Just over a week has passed since Microsoft announced their acquisition of Nokia‘s phones division, and already insiders are suggesting that a Nokia Lumia Android device was not only a possibility, it was real. Two people briefed on the effort have let the New York Times know (anonymously) that Android had been “up and running” on Nokia’s Lumia handsets in the recent past. They’ve made sure to note that these tests were happening “well before” Microsoft and Nokia’s initial negotiations for acquisition.
These same people noted that Microsoft executives were certainly aware that Nokia was testing Android on Lumia devices before and during the negotiations. They also made clear that Android was not a part of discussions between the two companies, even though it was “widely recognized” that it was possible Nokia would be using Android on smartphones in the future.
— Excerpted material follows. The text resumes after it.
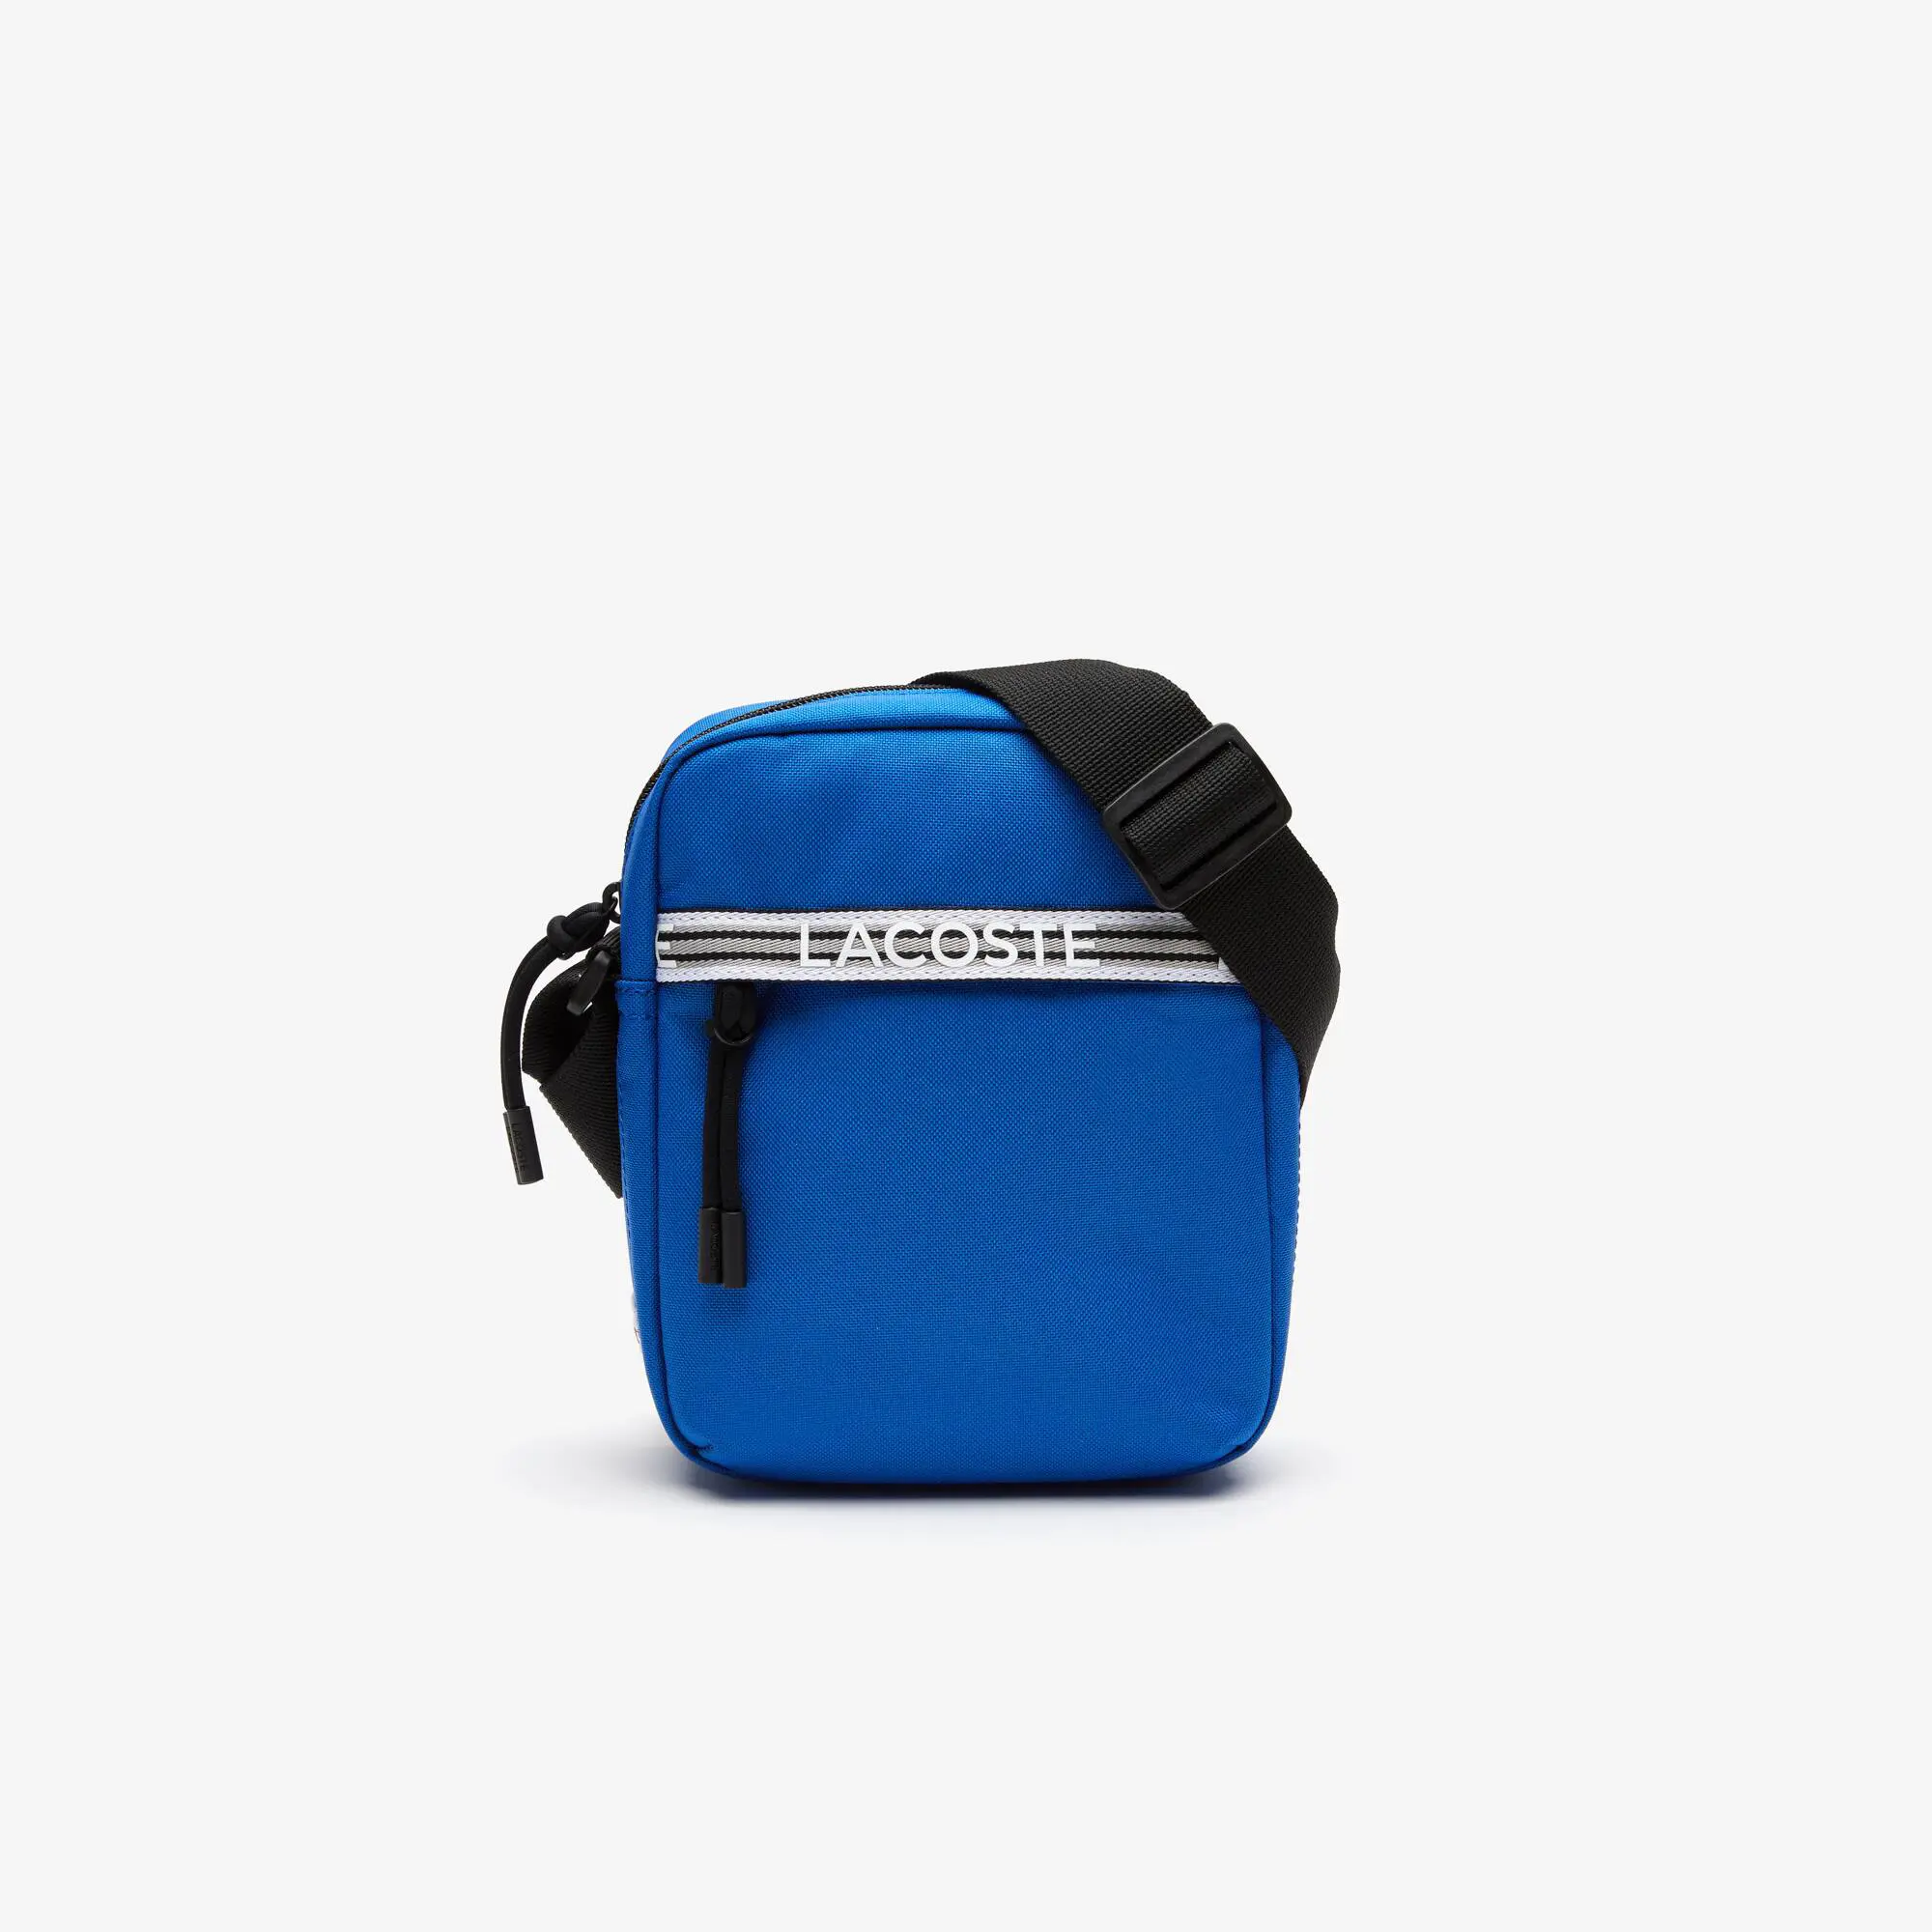 Lacoste Men’s Lacoste Neocroc Recycled Fiber Vertical Messenger Bag. 2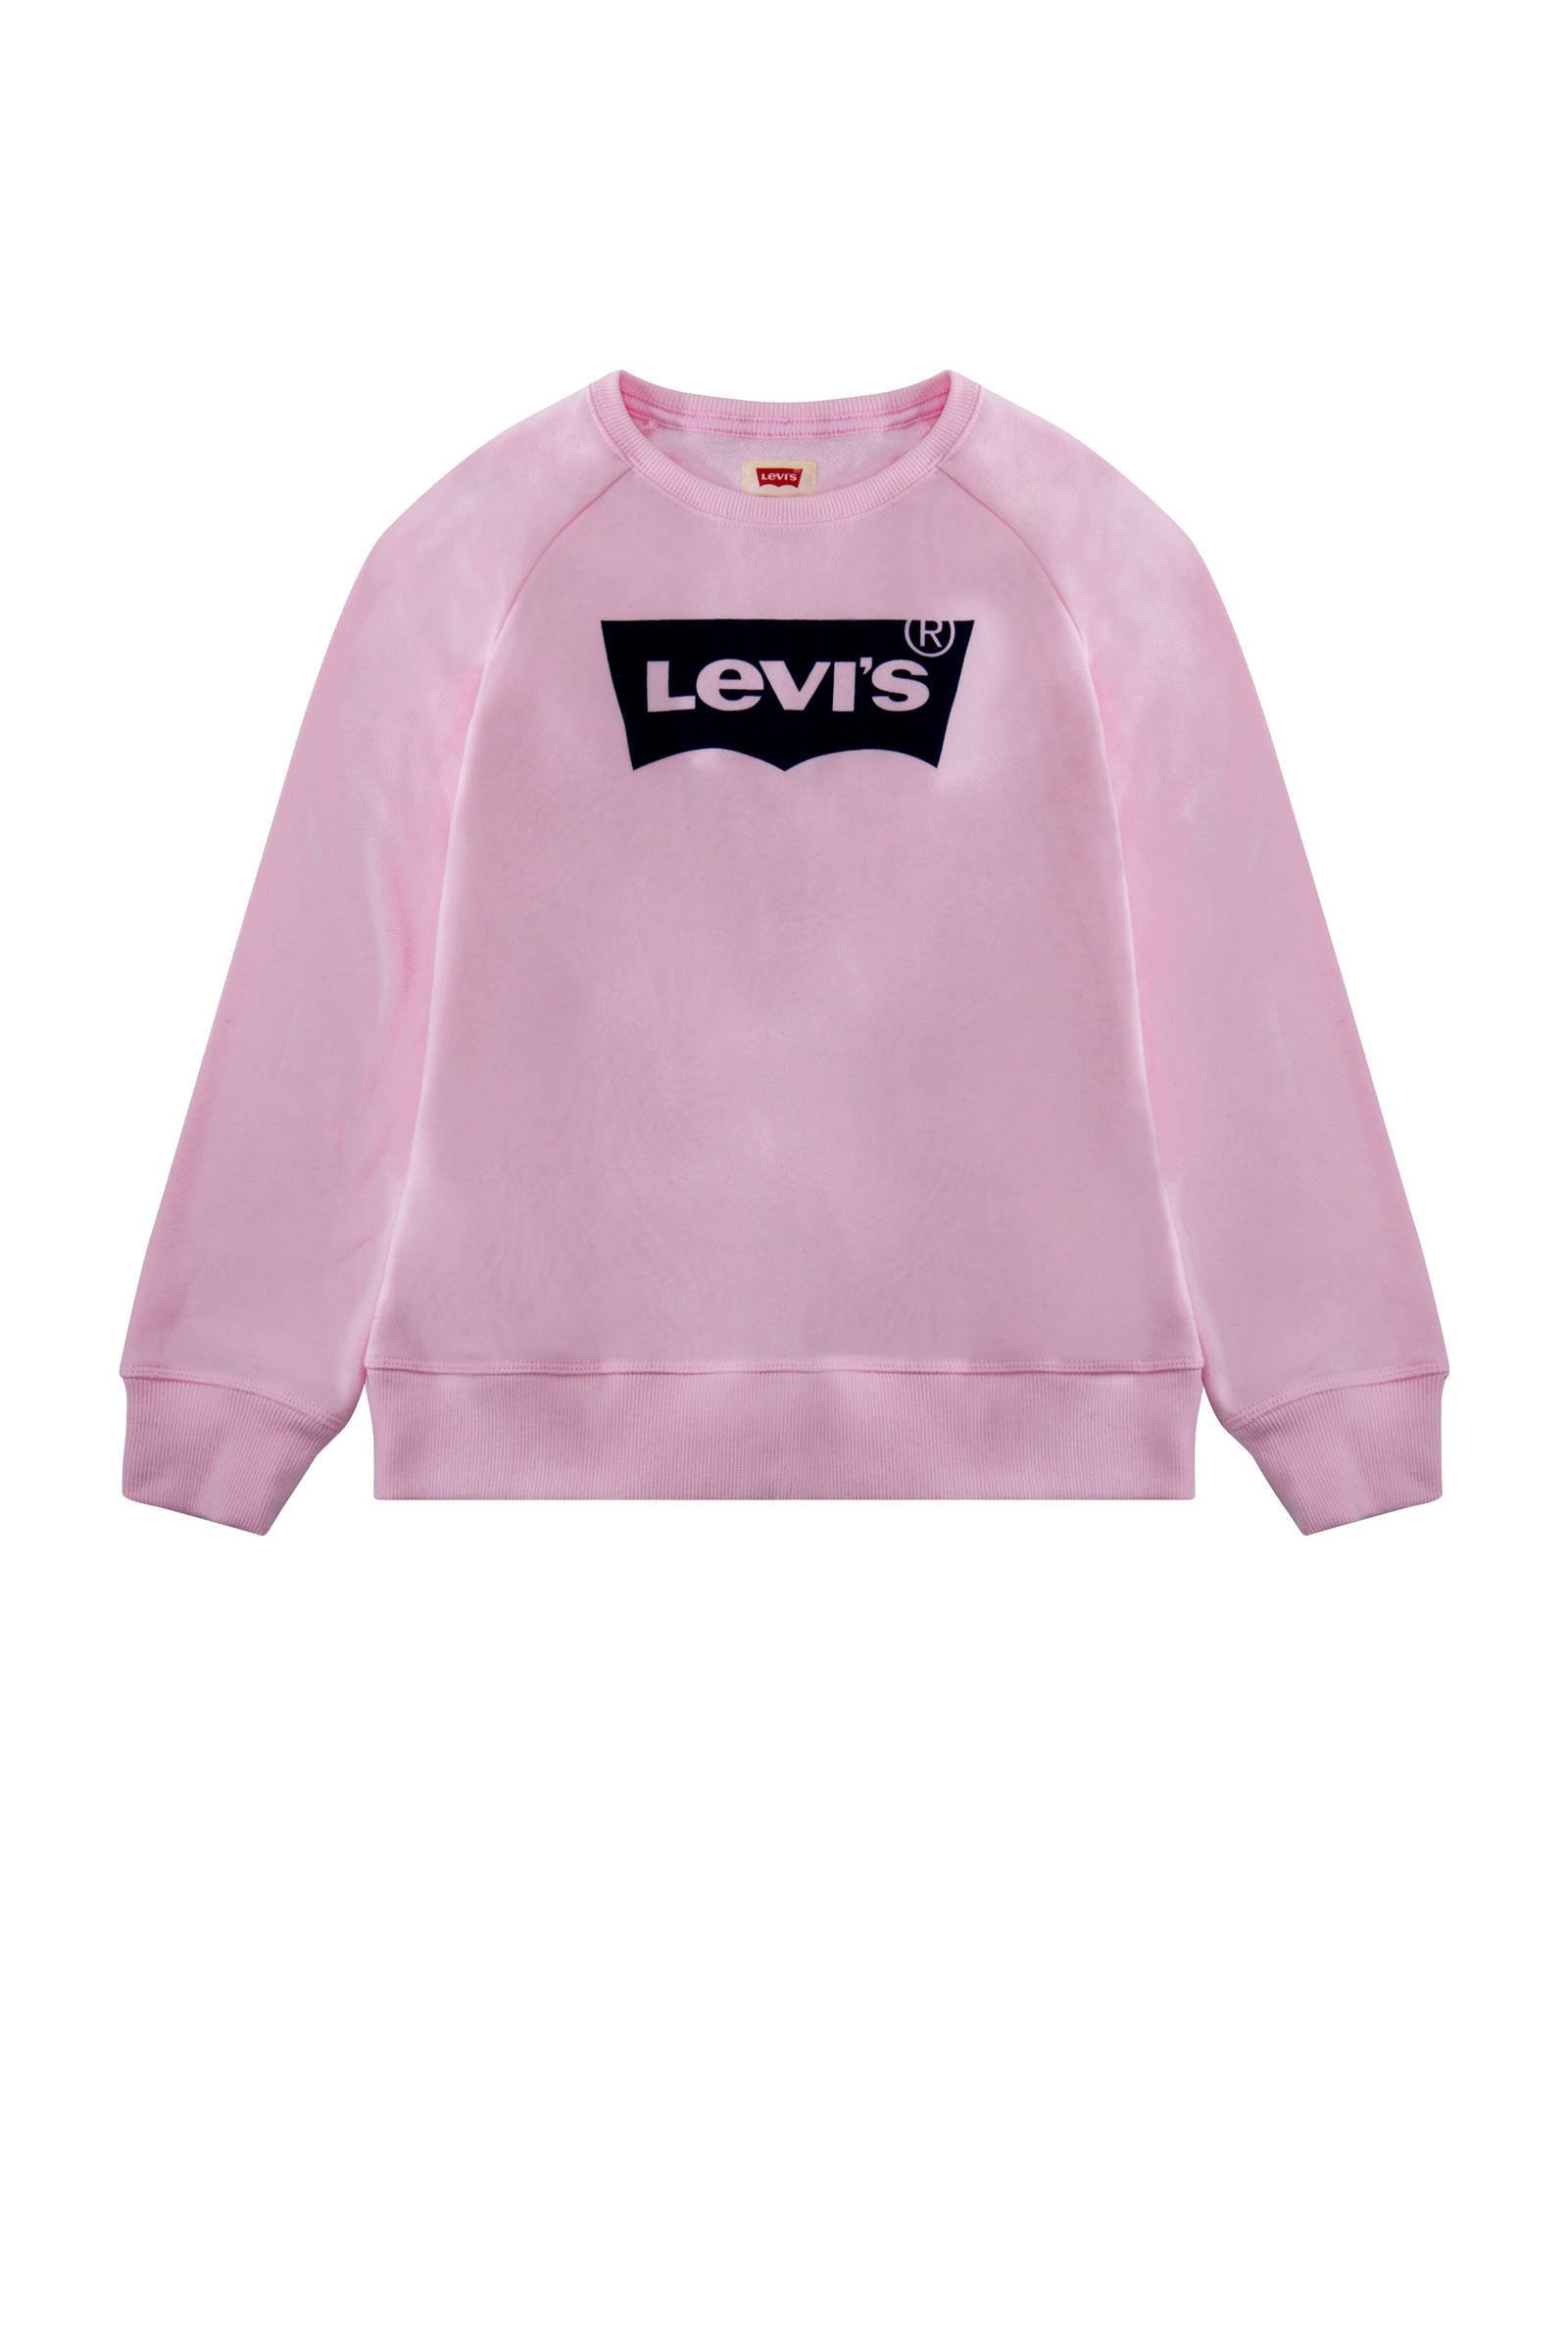 levis kids sweater

This is important because without this assurance, there’s a possibility Microsoft would seem to be axing Nokia Android efforts before they came to fruition.
It’s not known whether Nokia’s original deal with Microsoft for licensing Windows Phone was hard and fast enough to block the manufacturer from making Android devices, but we do know that it was extensive enough to suggest Nokia would be better off sticking with Windows Phone in bulk. Have a peek at a comment from Nokia back in July of 2012 on the matter:
“Our agreement with Microsoft includes platform support payments from Microsoft to us as well as software royalty payments from us to Microsoft. In the second quarter 2012, we received a quarterly platform support payment of USD 250 million (approximately EUR 196 million). Under the terms of the agreement governing the platform support payments, the amount of each quarterly platform support payment is USD 250 million. We have a competitive software royalty structure, which includes annual minimum software royalty commitments.
Minimum software royalty commitments are paid quarterly. Over the life of the agreement, both the platform support payments and the minimum software royalty commitments are expected to measure in the billions of US dollars. The total amount of the platform support payments is expected to slightly exceed the total amount of the minimum software royalty commitments. In accordance with the contract terms, the platform support payments and annual minimum software royalty commitment payments continue for a corresponding period of time” – Nokia
You’ll also want to have a look back at a Nokia job listing from November of 2012, one in which the company was in search of a Linux engineer. This could also have simply been a hire to begin bringing Nokia map apps to the Android universe – a process that’s still taking place today. Of course Meego was also Linux-based, but this listing suggested new and exciting projects were near.
As Nokia’s deal would have (until the acquisition) ended in late 2014, there was a possibility that the company could have begun running Android on their next-generation handsets. Now unless you’re in the mood for hacking, that possibility is all but kaput.
As an added bonus, there is a collective of former Nokia employees out there in the wild converging on the brand Newkia, there actually aiming to create Android devices in the near future. We’ll see how often we actually hear from that company in the near future before we confirm there’s a real possibility they’ll move forward – especially with a name that’s not the least legally perilous we’ve ever seen.